Mountaineer Jim Morrison hopped left on his skis, sending trickles of snow down a sheer gully on the North Face of Mount Everest, then he hopped to the right, his breath heavy in the oxygen-thin air.
Below him plunged 2,700m of snow, ice and rock — the most merciless ski run on planet Earth.
It had never been skied, until Morrison did it.
 
                    Photo: Savannah Cummins, National Geographic via AP
“It was a spectacular four hours of skiing down a horrific snow pack,” Morrison said of his historic Oct. 15 run.
He climbed Everest’s notorious North Face through the Hornbein Couloir alongside 10 other mountaineers and documentarian Jimmy Chin, who is codirecting a documentary about Morrison’s run.
The adventure was “the skiing equivalent to free soloing,” Chin said. “If your edge blows out or you slip anywhere on the line, you’re gone. You fall 9,000 feet [2,743m].”
The ski run started atop Everest, about 8,800m above sea level and in the death zone, where people cannot survive for long.
“When it comes to big mountain stuff and climbing, it’s like landing on the moon,” said Jeremy Evans, who wrote a book about the last person to attempt the run.
The young snowboarder, Marco Siffredi, disappeared on its slopes in 2002.
The adventure was dreamed up by Morrison and his life partner, accomplished ski mountaineer Hilaree Nelson. They planned to do it together until her death in 2022 while skiing on the world’s eighth-highest mountain.
From then on, it was a trip Morrison was doing for them both.
Only five people had completed the four-day climb to the summit up the imposing North Face using the “Super Direct” route — it is straight up, and then straight down — and nobody had since 1991.

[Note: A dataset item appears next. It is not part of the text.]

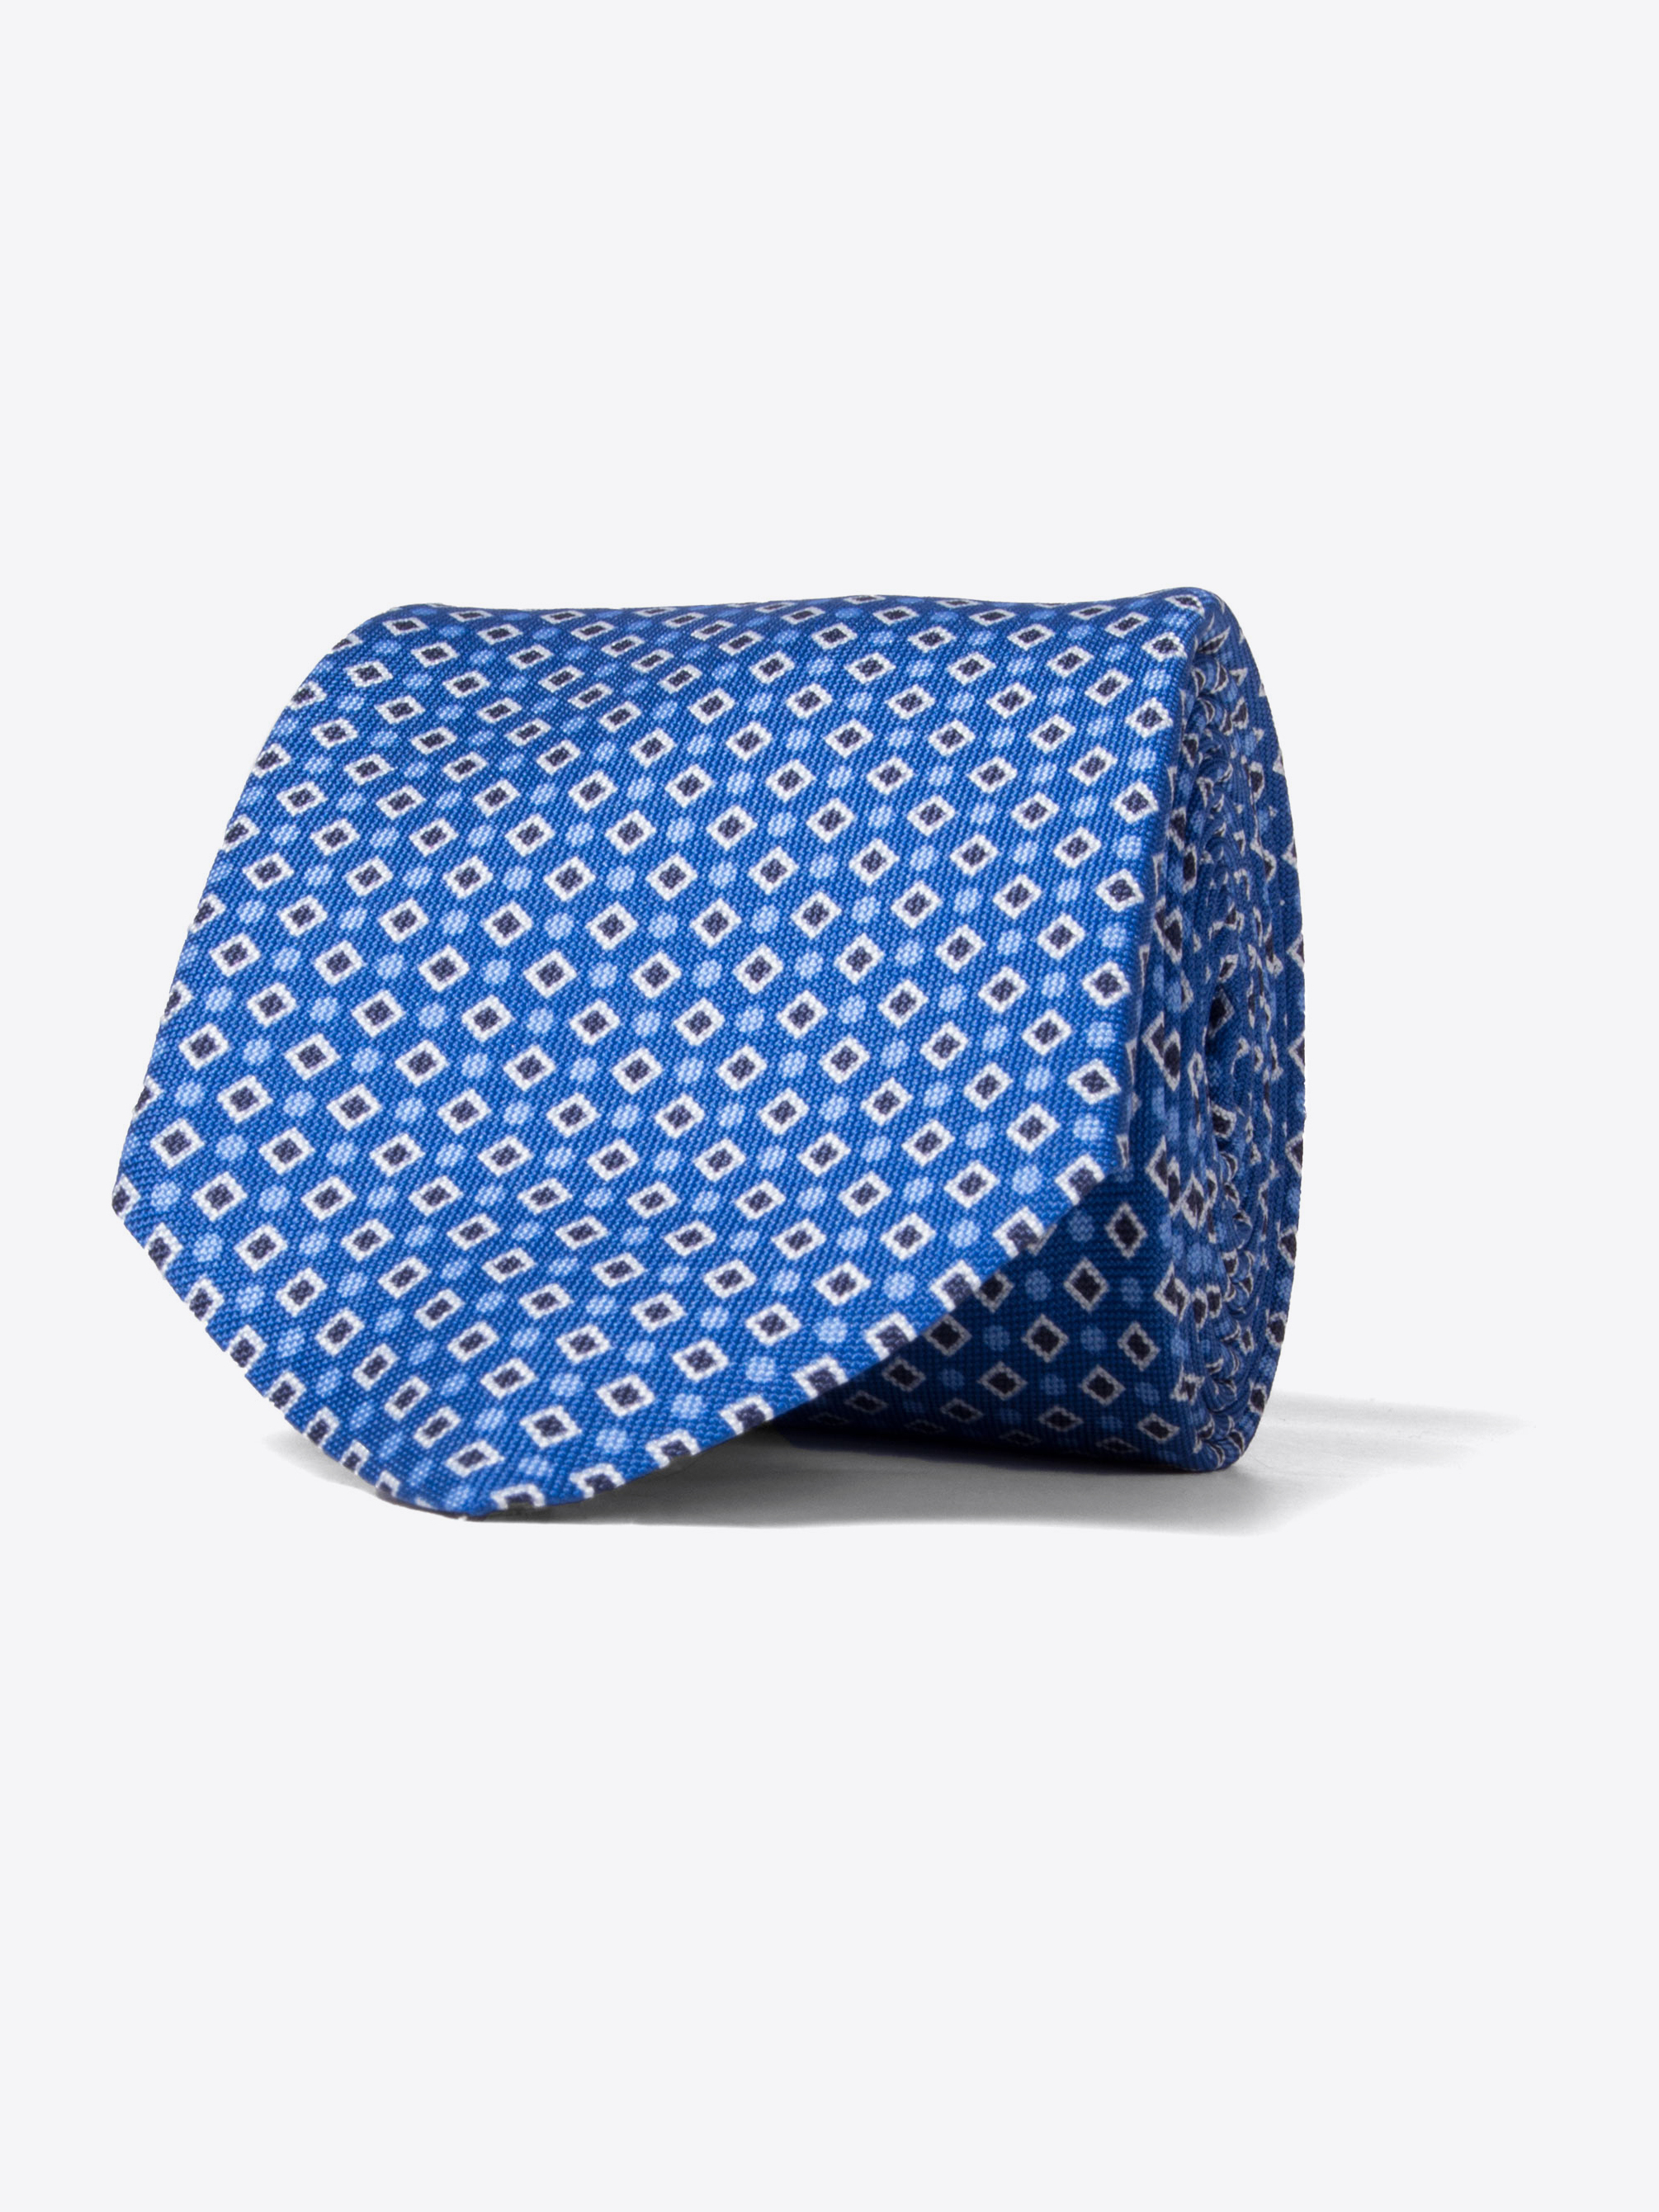 Zoom Image of Alassio Blue Print Tie

Throughout the climb, Morrison said he kept Nelson in his mind, and “as I got higher and higher, and further into the death zone, I got closer and closer to her.”

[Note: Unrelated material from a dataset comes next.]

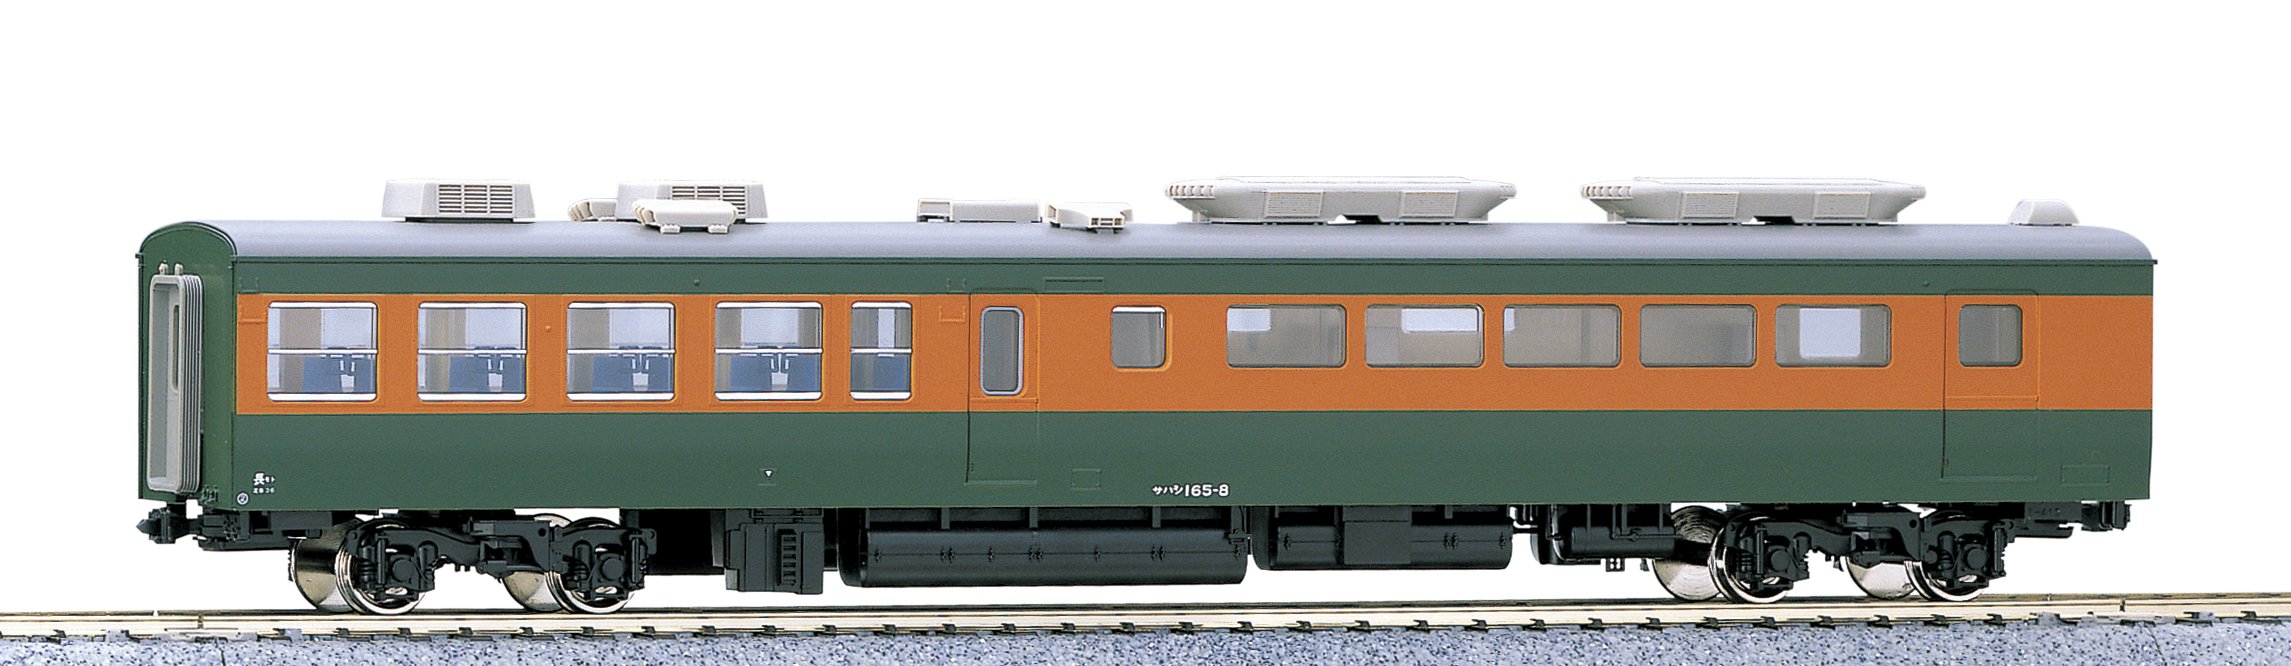 Kato Ho Gauge 165 Sahashi 1-418 Model Railway Train

On the summit, the sun was shining. The Himalayan Mountains splayed out around them. Morrison donned his skis and dropped in, doing controlled hop turns.
The route’s details, which he had studied, imagined, witnessed, read of and dreamed about, took over his mind. He was not thinking of a possible fall, only the next turn. Every breath was a challenge at that altitude.
At several points, he used the ropes, including where there was only rock, but he relied on them less than he had anticipated.
When he neared the bottom, crossing into safety, he exhaled.
He screamed, and cried and he spoke to Nelson.
The next morning, he walked out and looked up at the towering North Face, he said.
“And I could sort of feel Hilaree’s presence at the very top, the top of the world,” he said.